O contracheque no segmento de luxo não distingue homens e mulheres. Quem ocupa cargos de direção, independentemente do sexo, recebe entre 15 000 e 25 000 reais mensais. Presidentes, de 25 000 a 45 000 reais, em mé dia, acrescidos de cerca de 20% de bônus. Mas os salários, para eles e para elas, são em média 30% menores que os de outros ramos. Por quê? Por causa do fator purpurina. Há uma visão de que status e glamour somam dígitos (abstratos, sem dúvida) à remuneração. No caso das mulheres, trabalhar “com o belo” e ter acesso livre a objetos de desejo. Véronique pode abrir a vitrine da Cartier e escolher — ai, que inveja! — os brilhantes que lhe der na telha, com a condição de devolvê-los na manhã seguinte.

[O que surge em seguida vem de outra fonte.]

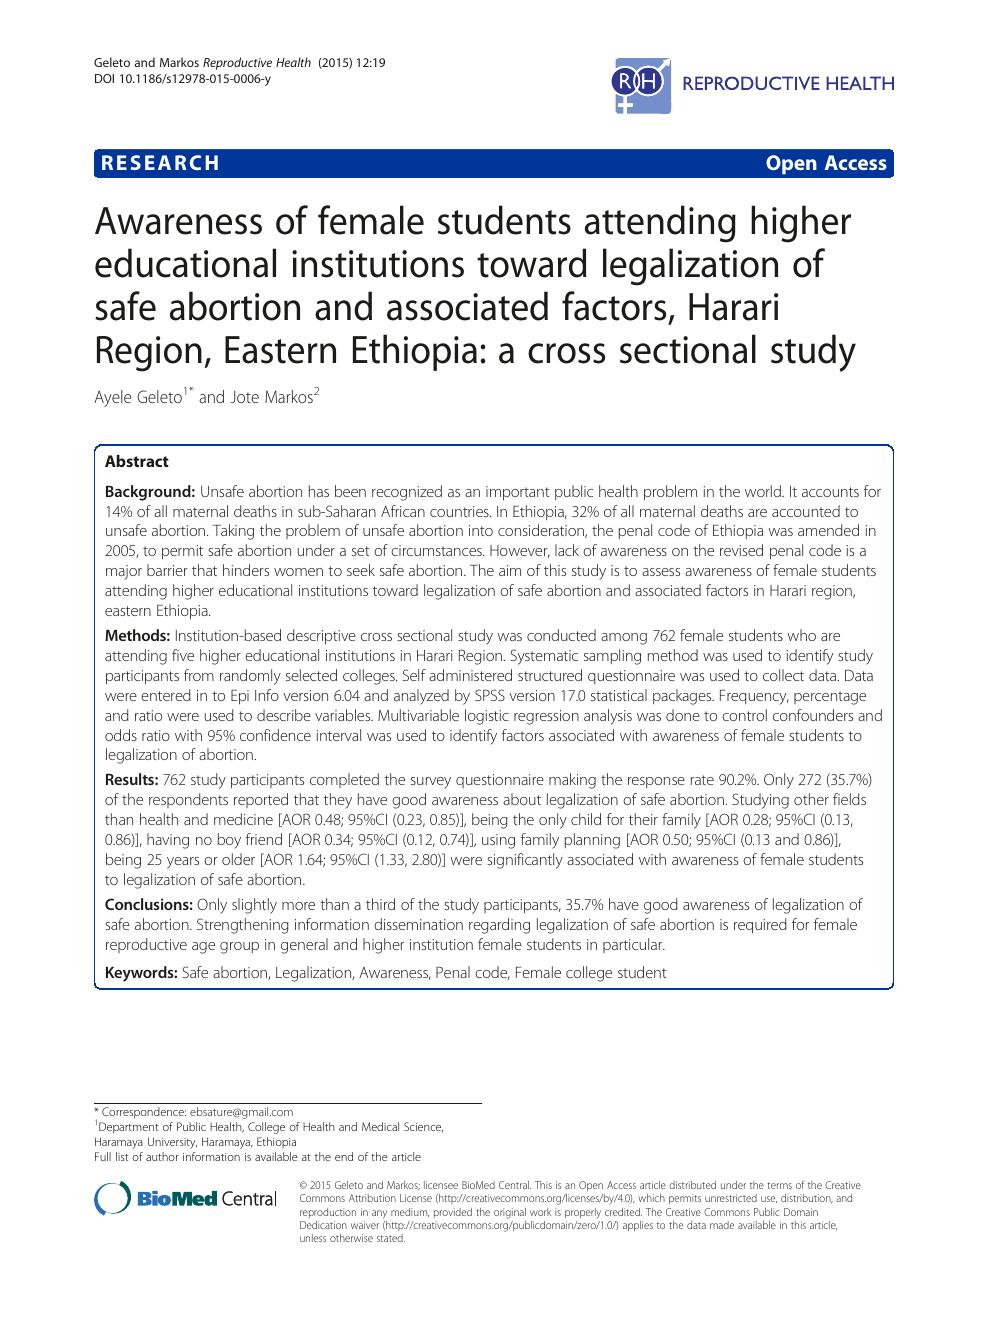 Awareness of female students attending higher educational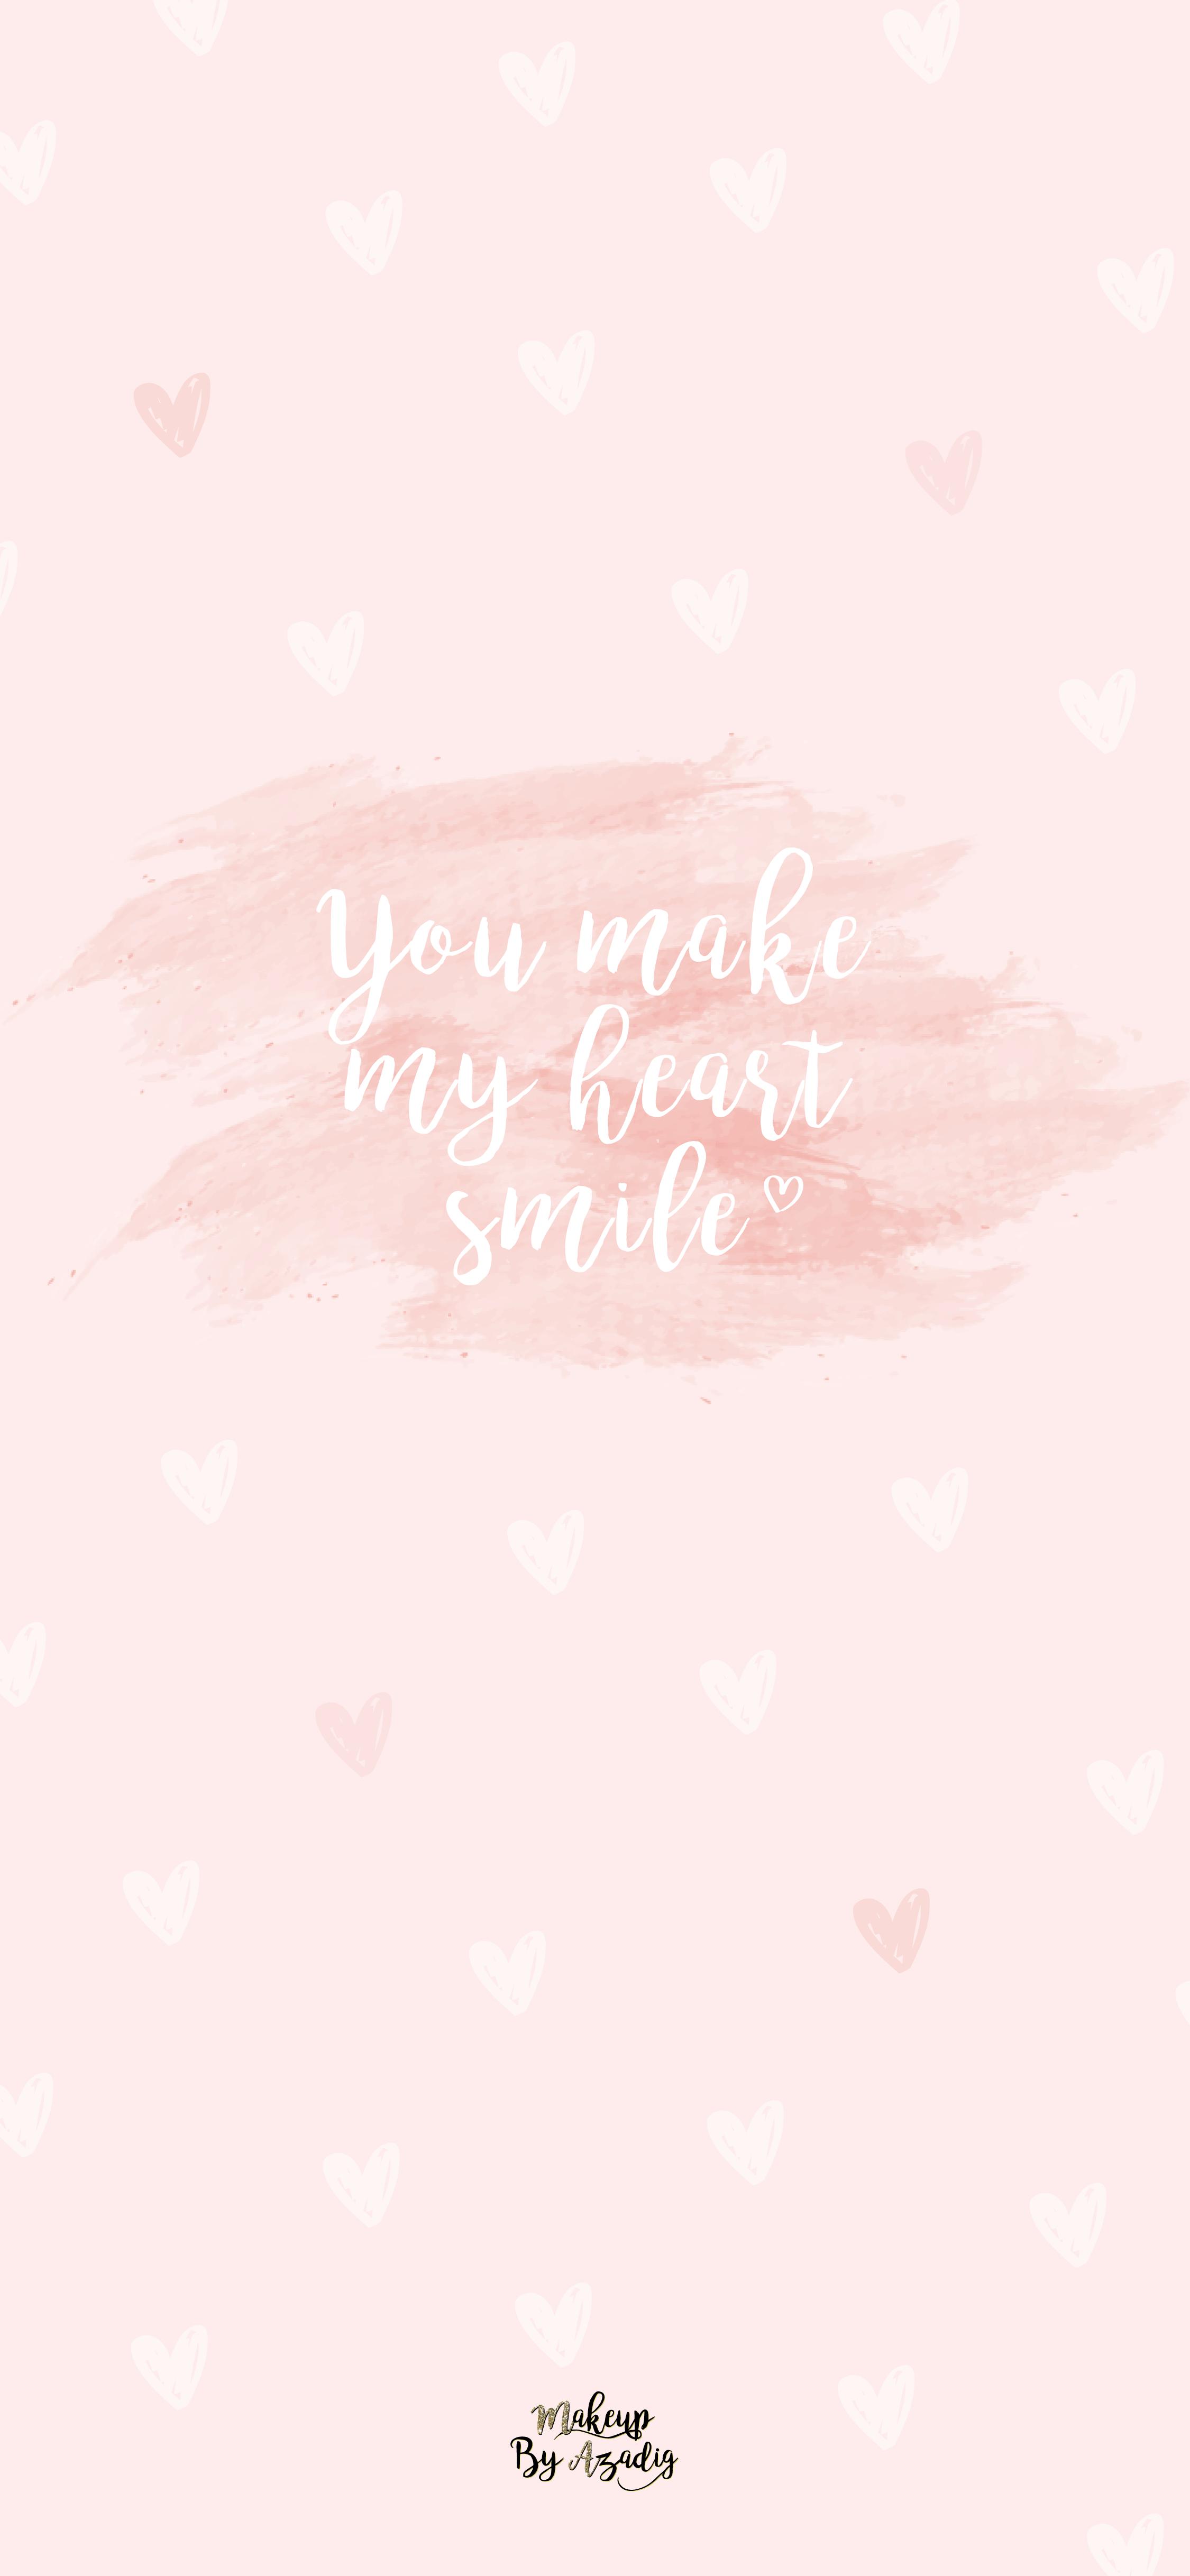 fond-decran-wallpaper-coeur-love-amour-citation-you-make-my-heart-smile-rose-girly-iphone-X-makeupbyazadig-tendance

Desde o fim da década de 90, pesquisadores começaram a analisar de onde vieram (e para onde vão) as mulheres de negócios. Em 2008, a McKinsey concluiu, após analisar 17 000 empresas que andavam mal das pernas, que o desempenho era pior nas encabeçadas exclusivamente por homens — onde havia a presença delas, o risco de falência era 20% menor. A explicação seriam as características consideradas tipicamente femininas, como sensibilidade, atenção a detalhes e criatividade. A alta cotação do talento cor-de-rosa deve-se também à cobrança do mercado por diversidade nos quadros de funcionários das empresas, sobretudo
as que têm ações na bolsa de valores, como explica Luis Gustavo Giolo, executivo da companhia suíça Egon Zehnder International, especializada em garimpar talentos para cargos de diretoria. “Investidores analisam com lupa as políticas de contratação”, diz. “As mulheres, é claro, entram com tudo nessa equação.”